The two extremes feed upon each other to grow stronger. A pox on both their houses.

Side note: In the Western tradition, Just War Theory has been deeply concerned with proportionality since Augustine, at least. Walzer isn’t so much asking his reader to accept a dubious premise as he is engaging (and building on) a long-standing ethical concern.

That is historical revisionism of the highest order. (For starters, they’re very different from each other, and rose in different circumstances in different times…)
And your acceptance of groups which, by tactic, aim for civilians…

Timex - You missed out the bit where they seized power by force in Gaza.

Courteous D - Not Western. Christian.

Well, IL is correct in that FATEH sure as hell overpromised and underdelivered. The secular, usually leftist, nationalist movements among the Palestinians all failed miserably to do much more than get themselves wrecked by first people like the Jordanians, and then by the Israelis. I find it fairly easy to believe that at least some of the attraction of HAMAS has to be because everything else the Palestinians have tried has sort of fizzled. I’m sure there’s more of course, but that is one factor certainly.

No, Western JWT has drawn (heavily, in many respects) from Christian thinking, but it isn’t an exclusively Christian domain. There’s a discrete, identifiable history of Catholic Just War doctrine, sure.

That’s why everyone who was of voting age in the US in 1968 is considered a crook.

I wasn’t speaking to the history of Just War Theory. I was clarifying why I invoked the example of Walzer. It has been some time since I last read Walzer (I am tempted to sell his awful volume whenever I walk past it in my library), but as I recall, he leaves out the critical, “By the way, I am assuming that you believe in God, and that you accept at face value that there is morality inherent in forbearance on all occasions.”

By that logic, the United States was wrong to bomb German and Japanese cities during the Second World War.

War is about fighting nations, which are proxies for society.

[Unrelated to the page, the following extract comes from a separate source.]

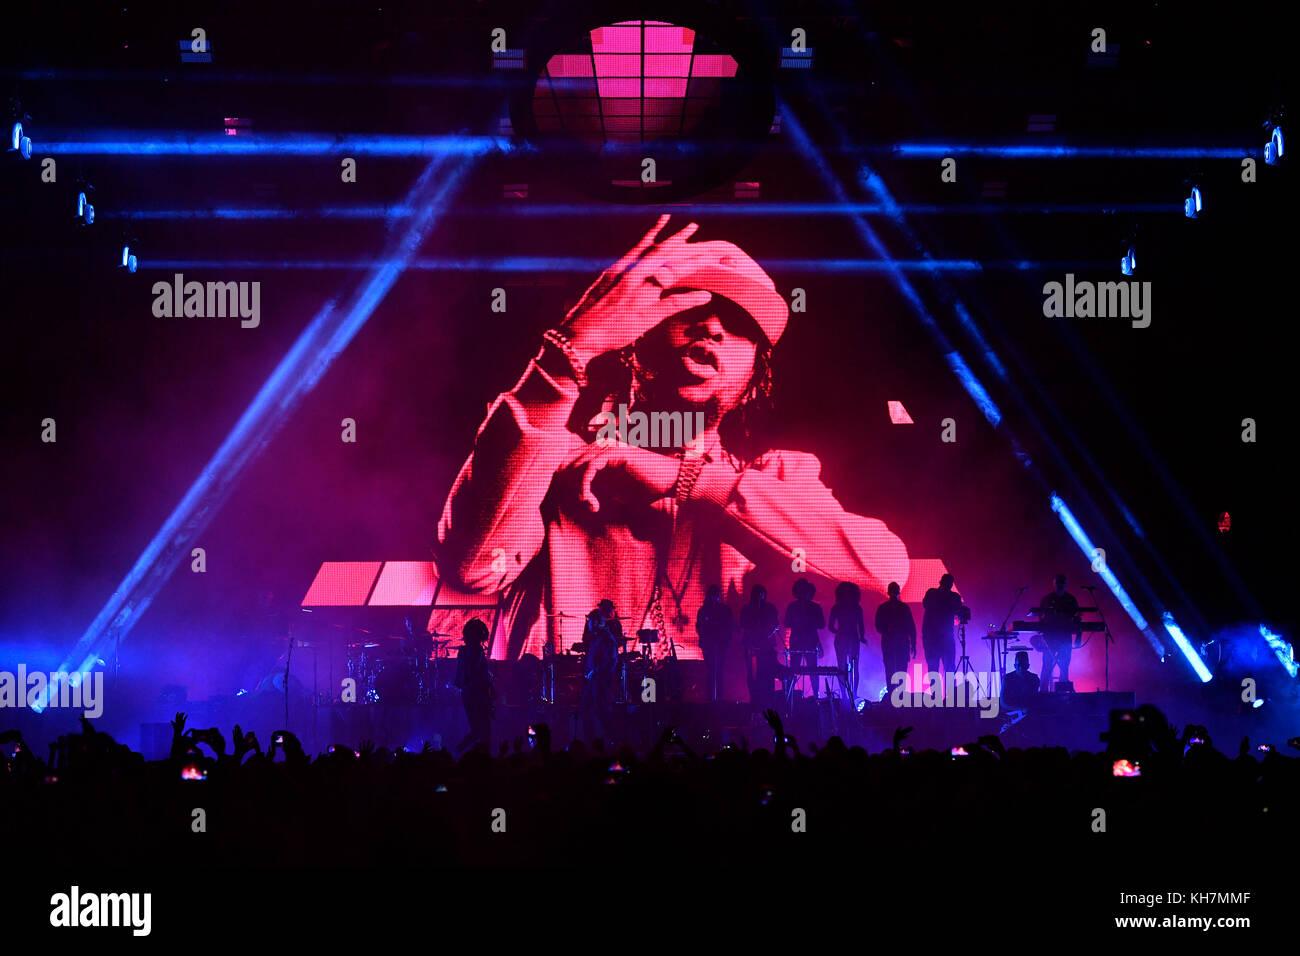 Prague, Czech Republic. 14th Nov, 2017. Pop hip hop band Gorillaz perform during the concert in Prague, Czech Republic, Stock Photo

War is not just about dealing with bad men.

lol. Not at all. The thing is, we weren’t fighting all the people, but the government. The people were casualties, and those will come, but to call them all “bad guys” because of the action of their government is a little silly. That’s the whole thing behind proportionality - is the loss of life worth the gain? It doesn’t require the loss of life to be labelled “bad guys.” Doing so just strips them of individuality, which isn’t fair to them and can be detrimental to both sides of a confrontation. Decisions to deploy bombs, rockets, or other not-perfectly-precise munitions should always be done with a full, unfettered view of the possible and likely loss of life. Naming every corpse a “bad guy” cheapens the loss of life. They were brothers, sisters, children, best friends, grandparents, teachers, doctors, artists. If their loss - not just the loss of bad guys - is worth the gain, then you make the call to go ahead with it. Hiroshima and Nagasaki directly helped bring about the end of the Pacific campaign, and arguably saved more lives (and property) than they destroyed. Good calls (assuming that supposition was true - I’m not a military historian, so I don’t feel entirely qualified to make a judgement and stand by it no matter what).

Neither am I passing judgement on Israel’s actions - their goals are well stated: take out the rocket launchers and destroy the tunnels. People are going to die in order to bring that about - both enemy combatants AND innocent civilians who may have even voted for another party. Again, that bit of information doesn’t mean the military actions are evil or unethical on its own, but neither does it mean everyone who dies is a bad guy.